The tree is the memory; conversation is not. Over a long horizon your context gets compressed. Re-Observe each cycle so decisions rest on durable evidence, not a lossy summary.
Structured search, not more sampling. Arbor's gains come from how the budget is organized — maintaining competing hypotheses, comparing siblings, carrying lessons forward — not from spending more tokens. Don't fan out aimlessly; each experiment should be conditioned on what the tree already knows.
Dev guides, test admits. Use dev feedback freely to steer exploration, but never let a dev win into the final artifact without test confirmation. The dev/test disagreement is itself a signal worth reading.
Executors are hypothesis-bound. Local engineering flexibility (edit, debug, rerun) is fine; silently changing the hypothesis to chase a better number is not — it destroys the meaning of the evidence.

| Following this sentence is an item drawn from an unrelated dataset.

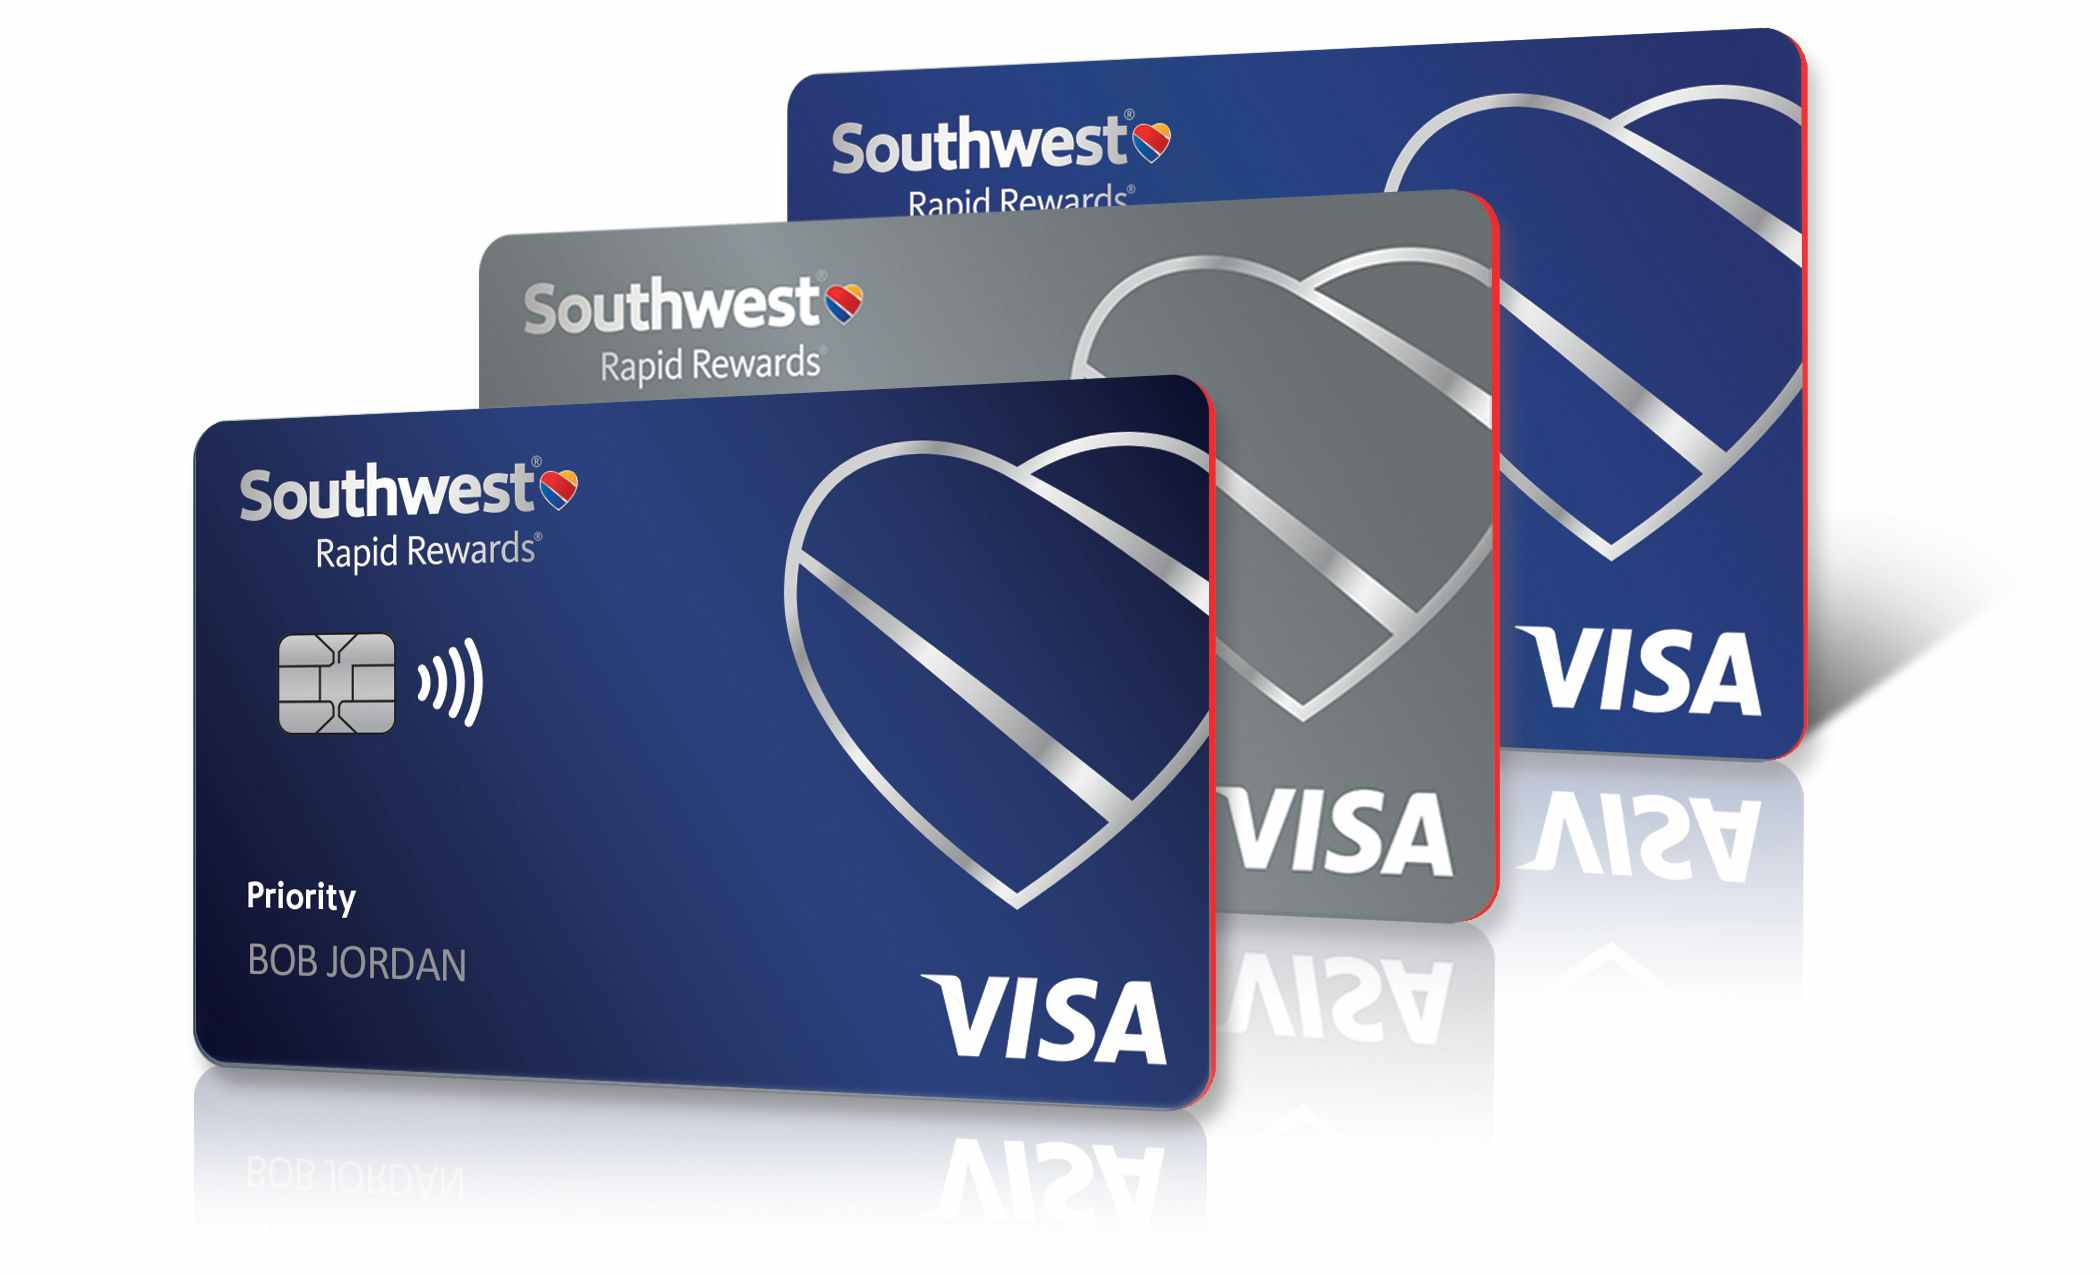 Southwest Airline Rapid Rewards Visa cards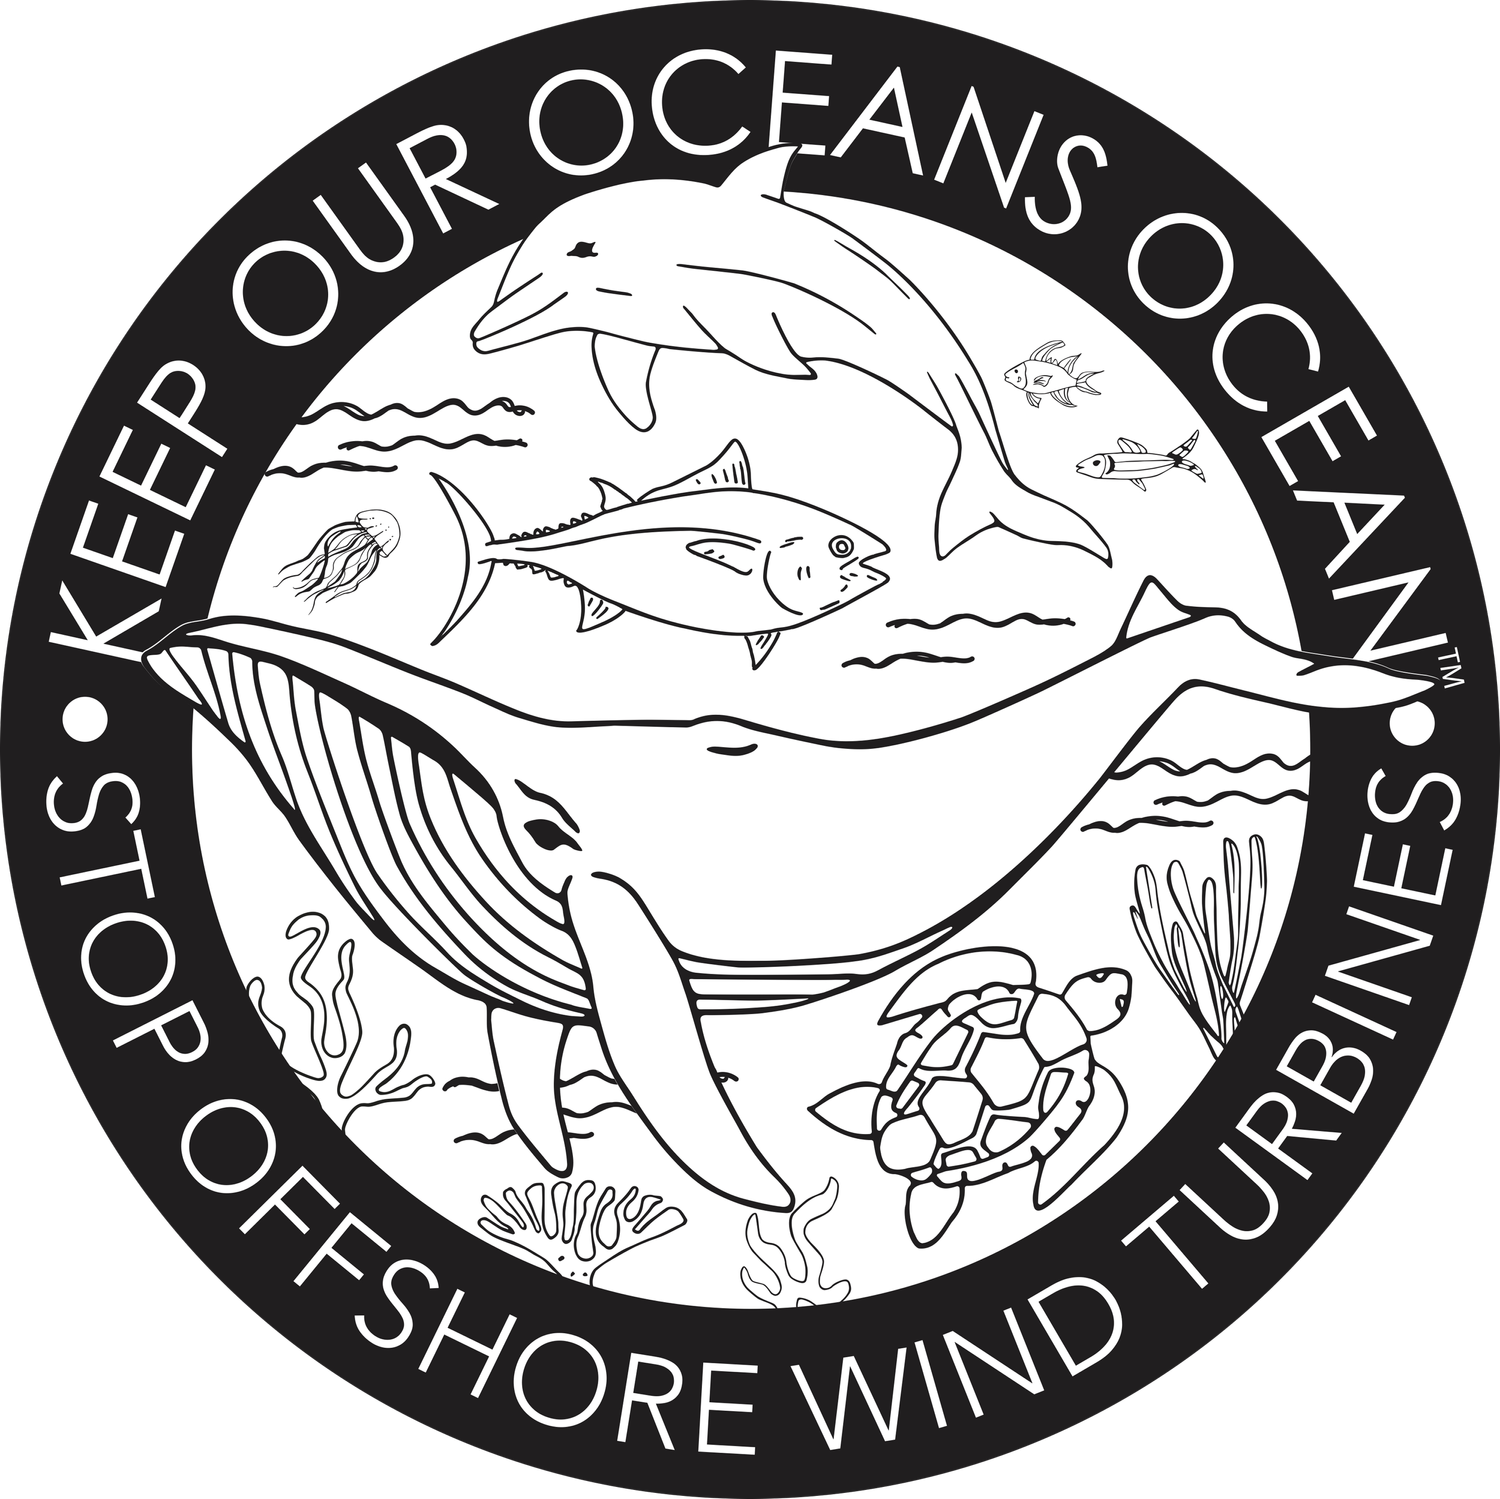 Keep Our Oceans Ocean

Failures are constraints, not noise. A falsified hypothesis tells you what the solution must avoid. Pruned-with-a-reason is more valuable than pruned-and-forgotten.

Reference files

references/htr-methodology.md — deeper explanation of HTR, the node structure, the six steps, and the paper's empirical lessons (ablations, transfer, cost). Read when you want the rationale behind a design choice.
references/executor-brief.md — the template for the brief you hand each executor subagent.
references/report-template.md — the final-report structure.
references/arbor-upstream.md — how to install and run the standalone arbor CLI from RUC-NLPIR/Arbor instead of orchestrating it natively, and when to prefer each.